Over vacation, we went to the Arizona Meteor Crater.  When we walked up the stairs to the platform that overlooks the upper rim of the crater, I was unable to catch my breath and had chest pains for several minutes.  When it quickly passed, I put it down to being out of shape (which, unfortunately, I am).  But in Oregon, the chest discomfort, the heaviness that comes with a bad bronchitis, came back after swimming for an hour with my daughter.  At various times after that, I had mild moments of an inability to catch my breath.

Back to this week (sorry about the long story). 

I have been working…mostly reading on the couch for my freelance job…A few days ago, I began noticing that even at rest I was struggling to catch my breath.  On Friday it escalated.  Not only was I having trouble taking deep breaths, I was also having chest pains.  It has since gotten better, but even as I write this, my chest feels congested and I have trouble breathing when I lie down, or walk around for more than a few minutes.
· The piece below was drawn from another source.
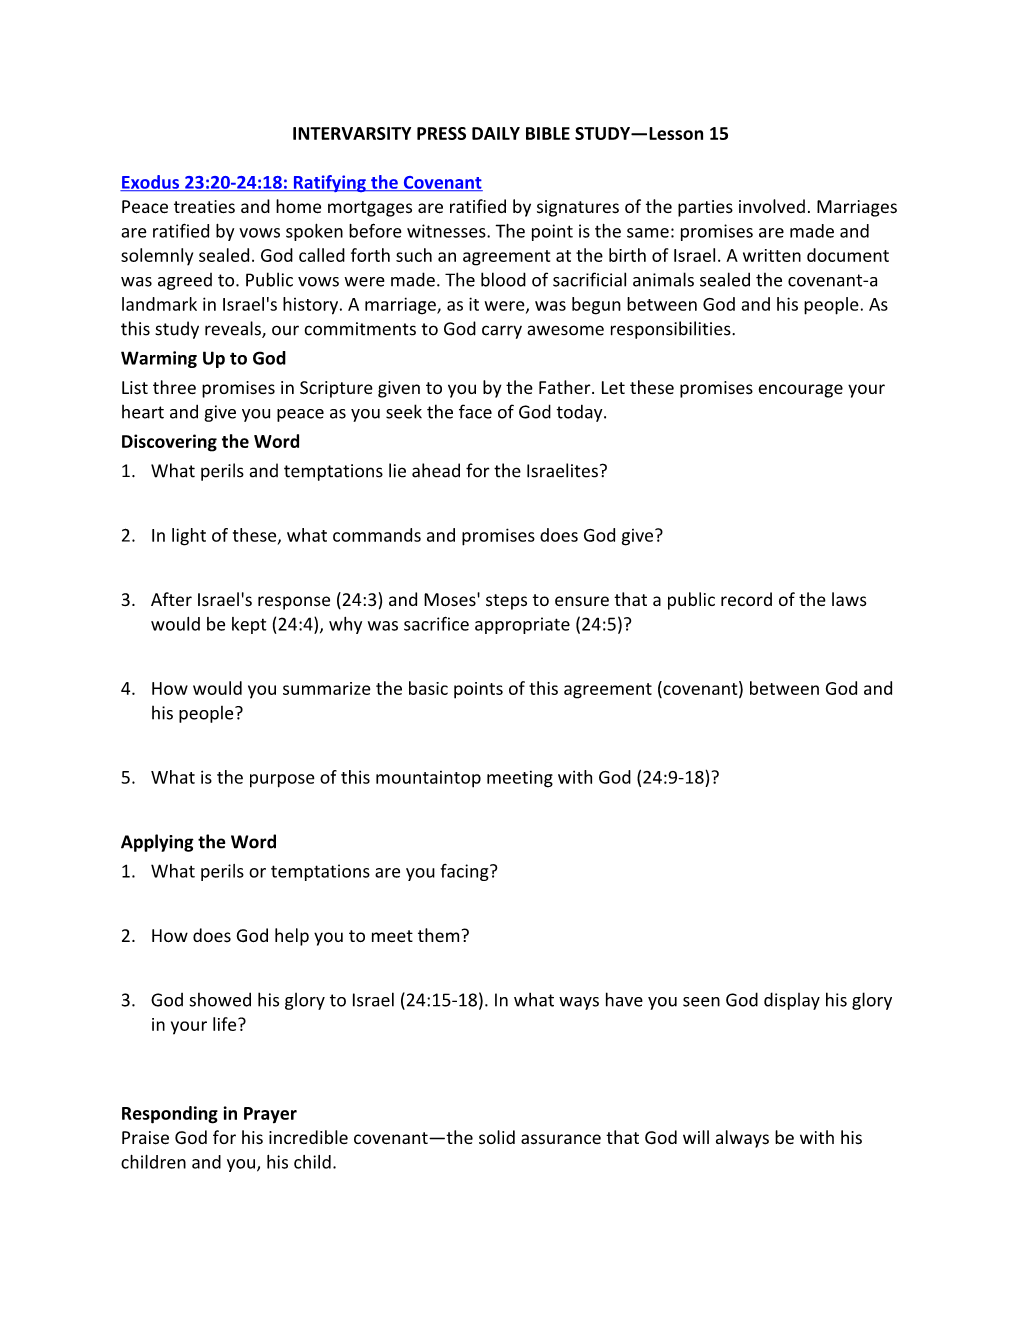 INTERVARSITY PRESS DAILY BIBLE STUDY Lesson 15

Fear is a huge part of being diabetic.  Fear of lows, fear of highs, fear of needles, fear of altering a whole lifetime of habits, fear of never having a piece of cake again.  And there is that one big fear, the elephant in the room that no one wants to talk about, fear of complications.

Is this a complication of my diabetes?  Am I experiencing the early stages of COPD, or kidney failure, or heart failure?  Am I developing asthma?  Could it be unrelated to my diabetes?  Could it be a simple infection or a consequence of my teenage cigarette addiction?

Or is it emotional?  Could I be becoming a hypochondriac?  Is my depression impacting my physical health?

How do you know?  And, really, do I want to know?